Source: NMHS NEWSLETTER November 1989
A.M. Strauss Firm Dissolved After 70 Years by Allan D. White
The A.M. Strauss & Associates architectural firm closed last year. The records of the firm’s prodigious 70-year output are slated to go to the Indiana Historical Society and represent some 3000 projects.
Alvin M. Strauss, born in 1895 in Kendallville, Indiana of German immigrant parents, opened his architecture studio in Fort Wayne in 1918, following a three-year apprenticeship in Chicago. His career bristled with activity , and his reputation as an architect spread well beyond Fort Wayne.
Strauss designed the Daniel and Jeanne Andersen house at 201 South Maple Street which wil be open for the historical society’s 1989 house tour on December 3, 11:30 a.m.-6:00 p.m.. The Andersens plan to display his prospectus and blueprints for the house.
The Andersens’ English cottage style house was built at the end of 1926 and 1927 for Fred and Julia Gingerick. Gingerick was an executive officer of Peabody Seating Company. His wife, Julia, had grown up in North Manchester, the daughter of the Vandalia Railroad station master. Because of Fred’s association with the Peabody family, it was once assumed that Charles Weatherhogg, the Fort Wayne architect who had drawn the plans for the buildings on the campus of Peabody Retirement Community, had done the Gingerick-Andersen house, too.
In an interview to prepare for the home tour, however, the Andersens’ showed us the prospectus and blueprints with the name A.M. Strauss on them. Since that time further research has been made with the Gingericks’ daughter, Virginia, and with the architectural historian, Craig Leonard.
Leading Role in Planning Lincoln Bank Tower
Strauss drew the plans for the Gingerick house after a long drive with the family in the city of Indianapolis, according to the Gingericks’ daughter, Virginia. Craig Leonard tells us that he is now compiling National Register forms for the 1934 Zimmer house in Warsaw, also a Strauss work. Leonard kindly took the time to send us copies of Fort Wayne newspaper clippings concerning Strauss’s triumphs and his obituary. Strauss died July 6, 1958, after a long bout with cancer and is buried in Kendallville.

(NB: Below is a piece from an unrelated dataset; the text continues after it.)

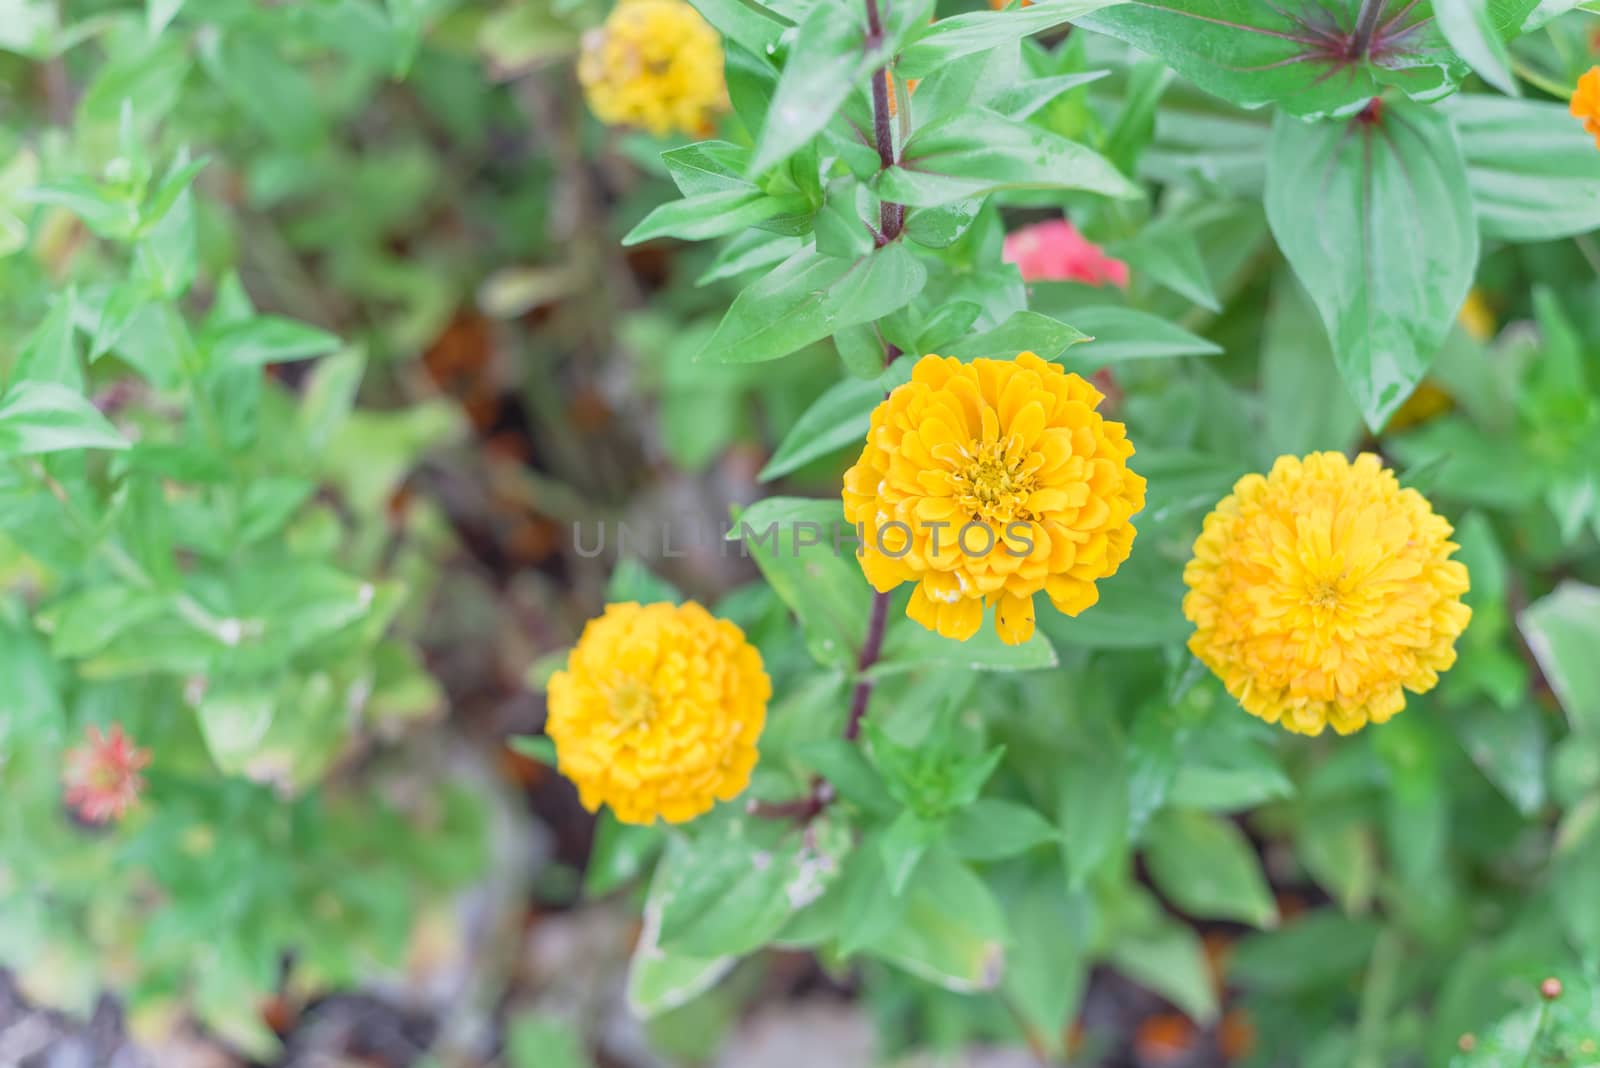 Yellow blooming zinnia bush at flower bed in community garden near Dallas, Texas, America. Zinnia is a genus of plants of sunflower tribe within daisy family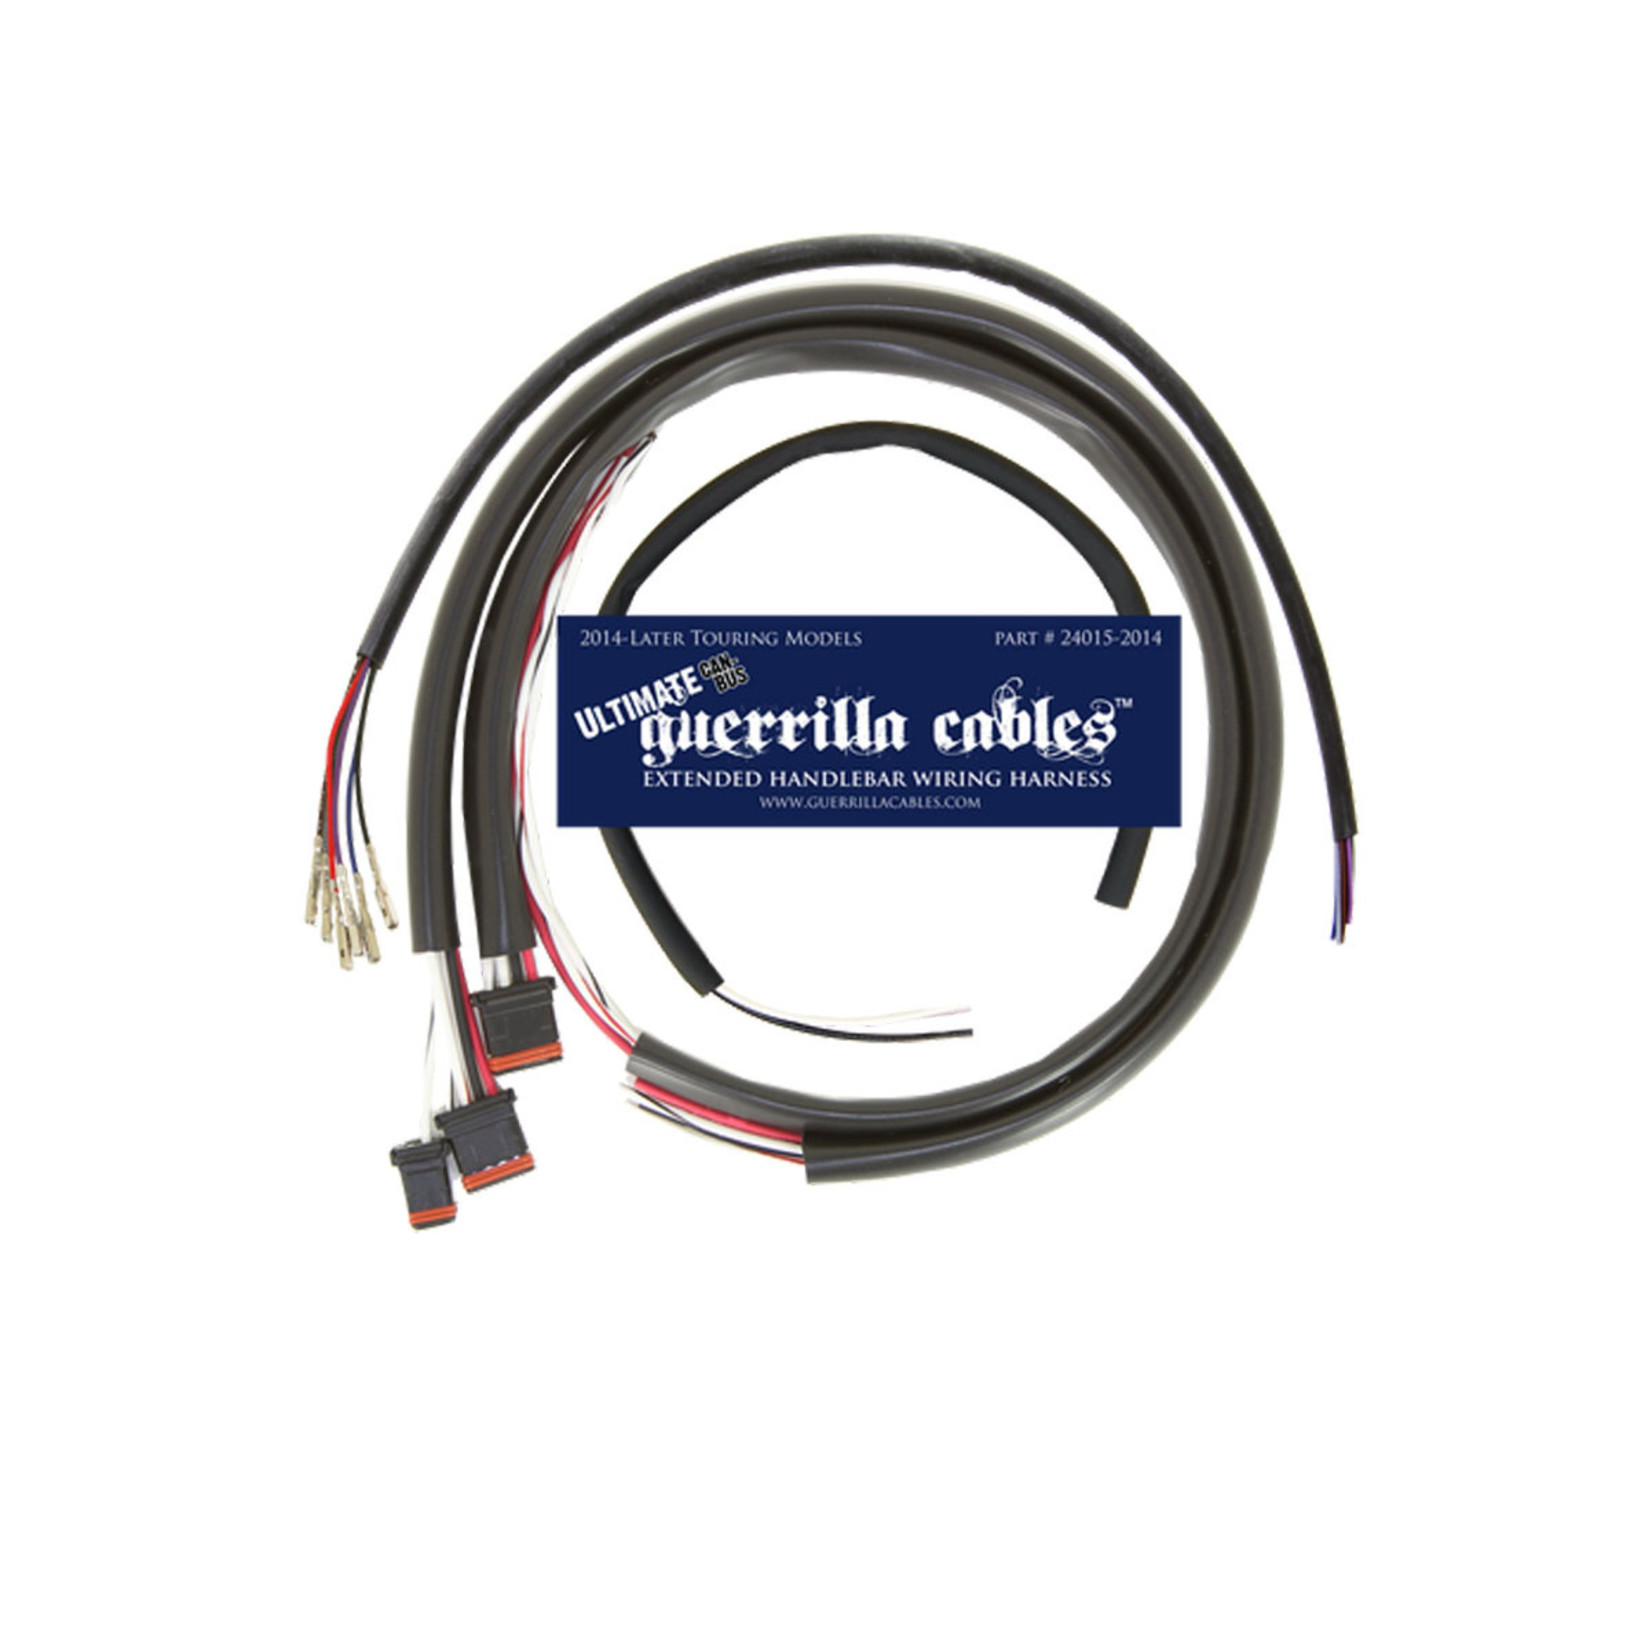 GUERRILLA CABLES GUERRILLA CABLES 2014-2015 ULTIMATE CAN-BUS BAGGER W/ THROTTLE-BY-WIRE

Included among the outstanding buildings for which the firm was responsible are Allen County War Memorial Coliseum; the Lincoln Bank & Trust Tower; the Embassy, Paramount, and Clyde Theaters; the redesign of the Cathedral of the Immaculate Conception and MacDougal Chapel; Central Catholic High School; Parkview Memorial Hospital; St. Vincent Villa; the Baer Field Terminal; 13 buildings at Indiana University; and the administration and factory for the Auburn Automobile Company
When it was opened in 1930, Lincoln Tower was the tallest building in Indiana. For it Strauss was in consultation with Walker and Weeks of Cleveland, Ohio, and he both designed and supervised the construction of that building.
He was the consulting architect for the Wolf & Dessauer building, new in 1958 at the time of his death. It later served as L.S. Ayres downtown but is now totally refitted as an office complex.
The World War I veteran was a member of the State
Architects Registration Board, Executives Club, Elks, Fort Wayne Country Club,
YMCA and the Achduth Vesholom Congregation of Fort Wayne.